OK, Eric, we’re ready for your lesson.
Eric Gagnon: Thank you, Wendy. And thanks again for that generous intro. You all are always very kind to me. Thanks for having me. And I want to start out with a question. Is it just me or have you ever put on a big new coat or jacket in the wintertime and felt like it boosted your confidence a little? Maybe because of how much you liked it or how much you felt like it helped your appearance?
WB: Well, Eric, I was gifted my grandmother’s fur coat. And it’s so beautiful. And when I was a little girl, I remember her wearing it to church and to these fancy parties. And so, it means so much for me to have it. But not just because of the beauty of it and how I feel pretty in it. But because she is the one in our family who prayed for me to know Jesus from the time I was a little girl. And I can remember sitting at her feet, literally, when she sat in this rocking chair. And she would read me stories from the Bible. And she would always share with me answered prayer. And so that coat reminds me … and I remember that the call God has in my life now, I truly believe, is because of those prayers she prayed. And that time she spent with me at the feet of her rocking chair.
EG: Wow, that is a far better illustration than I expected. It plays really well into this. I have a nice black wool jacket my dad bought me. And I wear it on the coldest days in the wintertime. It has a big collar in the back, and I kind of feel like Sherlock Holmes or something when I’m wearing it. And I gotta be honest, sometimes it’s given me a little confidence boost. But really, it’s a poor source … I mean, mine’s the opposite kind of illustration. It’s a poor source of confidence, because really, that coat is gonna fade away. There’s no special meaning behind it. But today we’re going to discuss this topic, really, of what it means to be clothed in righteousness and how that is what should bring us confidence. This past week, we covered Job Chapters 26 through 32. And in these seven chapters, I counted and the word “righteousness” is used seven times. Which is a cool thing … you know, seven – number of completion. And today, I want us to zoom in on one verse. It’s from Job 29:14. And Job says, “I put on righteousness, and it clothed me; my justice was like a robe and a turban.” So Job here is reminiscing about life before God allowed him to be afflicted in the way that he was. And many scholars believe, from these passages, that Job was probably an actual legal judge of some kind.
Job 29:7-9 says, “When I went out to the gate of the city, when I prepared my seat in the square, the young men saw me and withdrew, and the aged rose and stood; the princes refrained from talking…” It says in this chapter also that he gave counsel and that he delivered the poor and things like that. So, Job was likely an honorable legal judge of some kind. But here in verse 14, Job’s actually defending his own righteous standing.
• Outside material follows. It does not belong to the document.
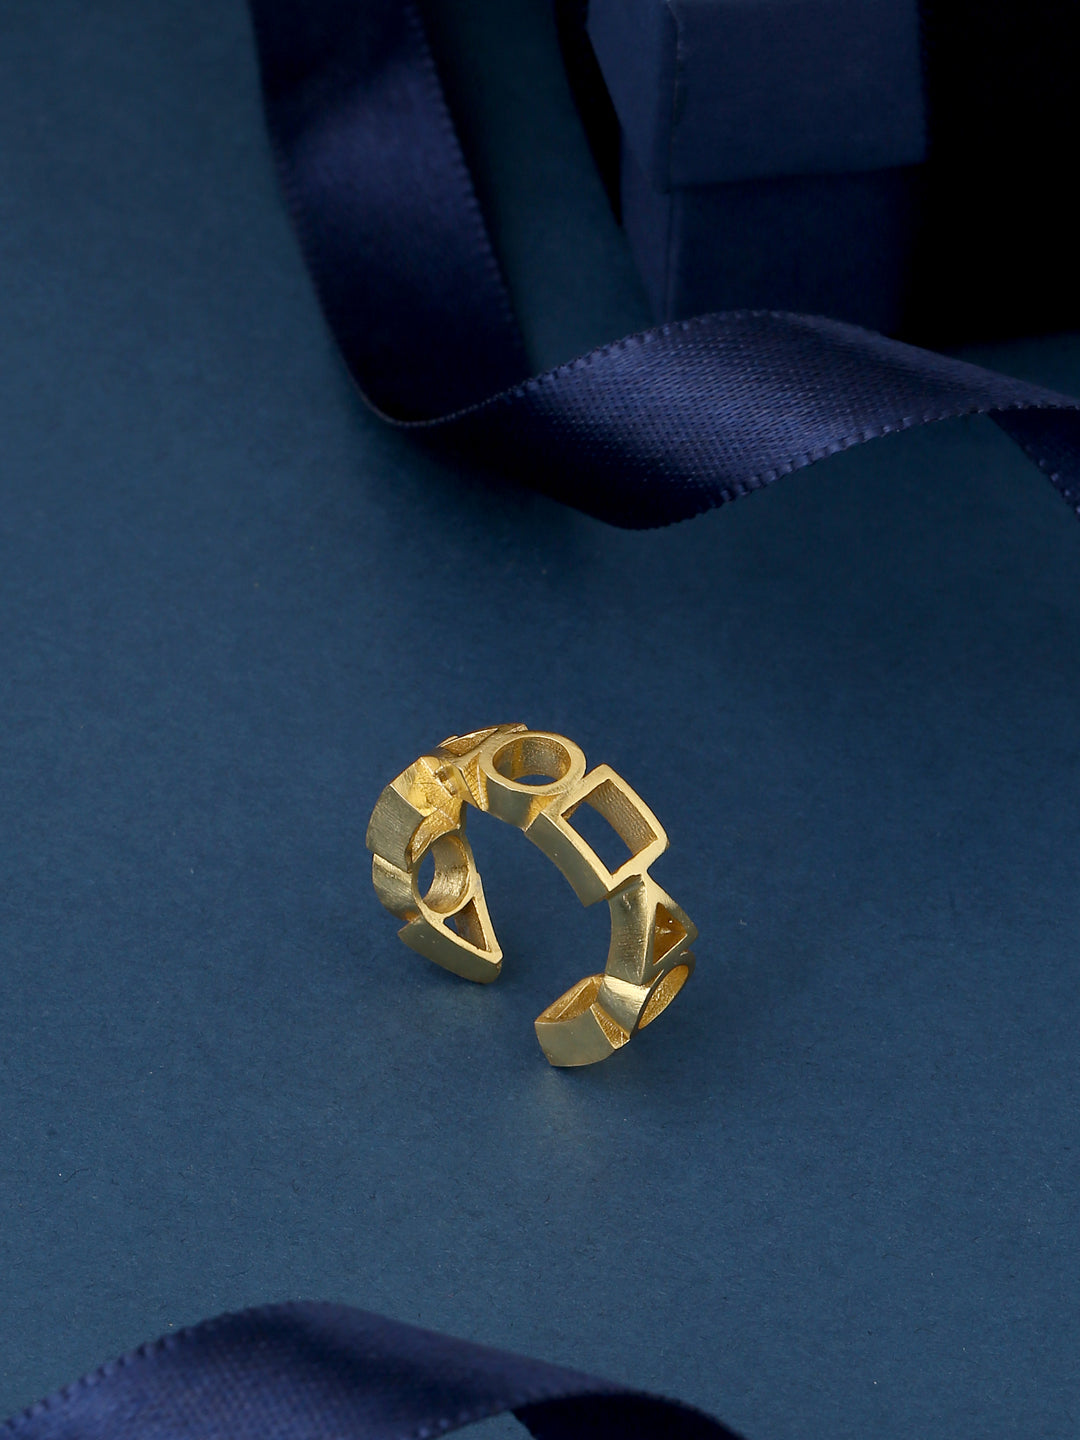 Ludic Ring - Golden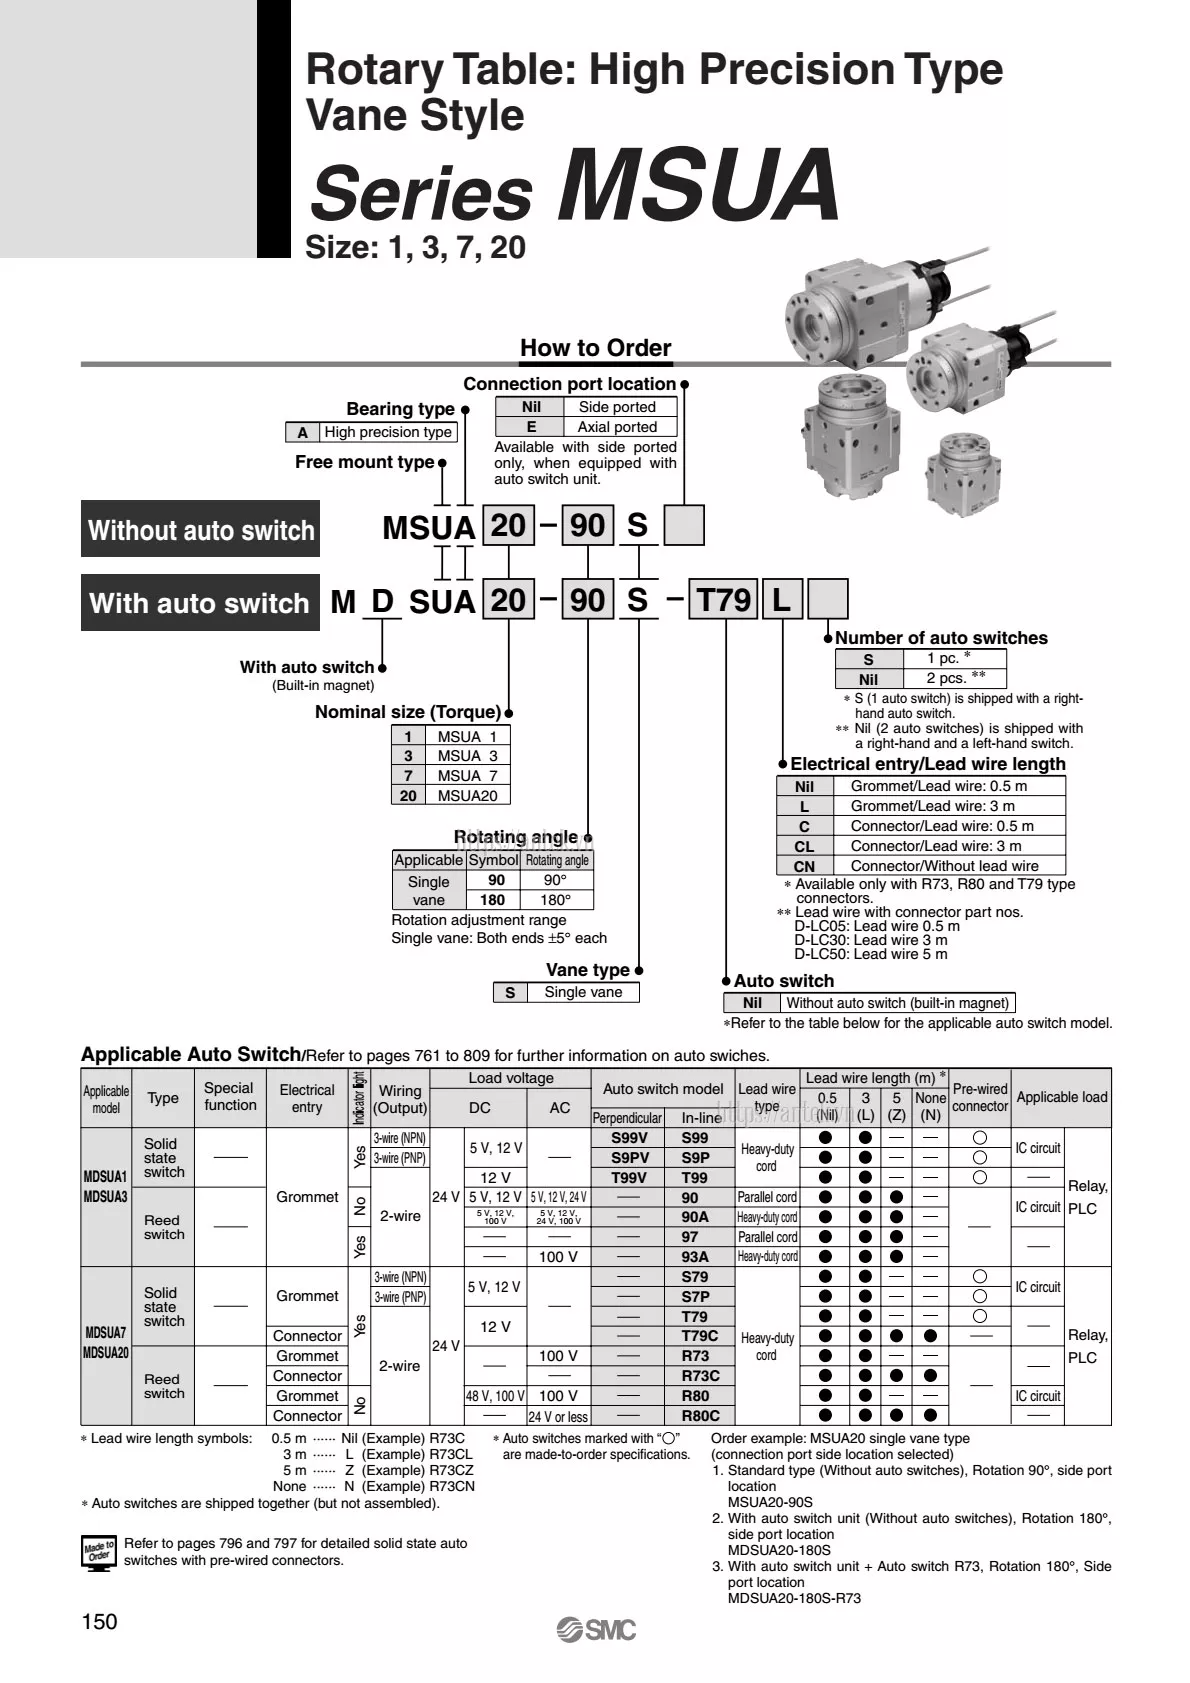 Thông số đặt hàng Xi lanh CDRBU2W20-270S

And the question is, is he talking about his righteous standing before men or before a holy God?
Well, we know Job was blameless, meaning he had an outstanding reputation before men. He couldn’t be blamed for anything. We also know from passages like 1 John 1:8 that reveal to us today that Job wasn’t sinless. First John 1:8 says, “If we say we have no sin, we deceive ourselves, and the truth is not in us.” And then Romans 3:23 says, “All have sinned and fall short of the glory of God.” So to figure out what Job means when he says he put on righteousness like clothing, we first have to look at this word “righteousness.” Because righteousness has a twofold meaning: It has to do with doing the right thing. But it also has to do with a state of right standing before a judge. These really are two distinct parts of righteousness, but they are also inseparable from one another. Doing right is what gives the right standing before the judge. So before his fellow men, Job was righteous. The problem is the context of Job’s situation here. We’re not talking about right standing before any judge; we’re talking about true and right standing before a holy God.
When Job’s friends stop addressing, Job says this in Job 32:1, “So these three men ceased to answer Job, because he was righteous in his own eyes.” That’s an ominous phrase that he was righteous in his own eyes. Proverbs 21:2 says, “Every way of a man is right in his own eyes, but the LORD weighs the heart.” It also reminds me of the chaos and evil that we find in the book of Judges and that repeated refrain, “Everyone did what was right in his own eyes” (Judges 17:6; Judges 21:25). And that wasn’t a good thing.
But Job is unique in that he actually has a lot of good reason to think that he’s righteous on his own merit. Because God Himself, twice, calls him “blameless and upright” in Job 1 and 2. And you could read through Job 29 here and agree with everything that Job upholds here is really the good character that he has, that we should follow. And he even rightly says that punishment for doing evil is a good thing. He says that, if he was unfaithful to his wife, for example, in verse 12 of Job 31, “that would be a fire that consumes as far as Abaddon, and it would burn to the root all [his] increase.” In other words, he’s not rejecting that men should be punished for sin. He just doesn’t think he has any sin.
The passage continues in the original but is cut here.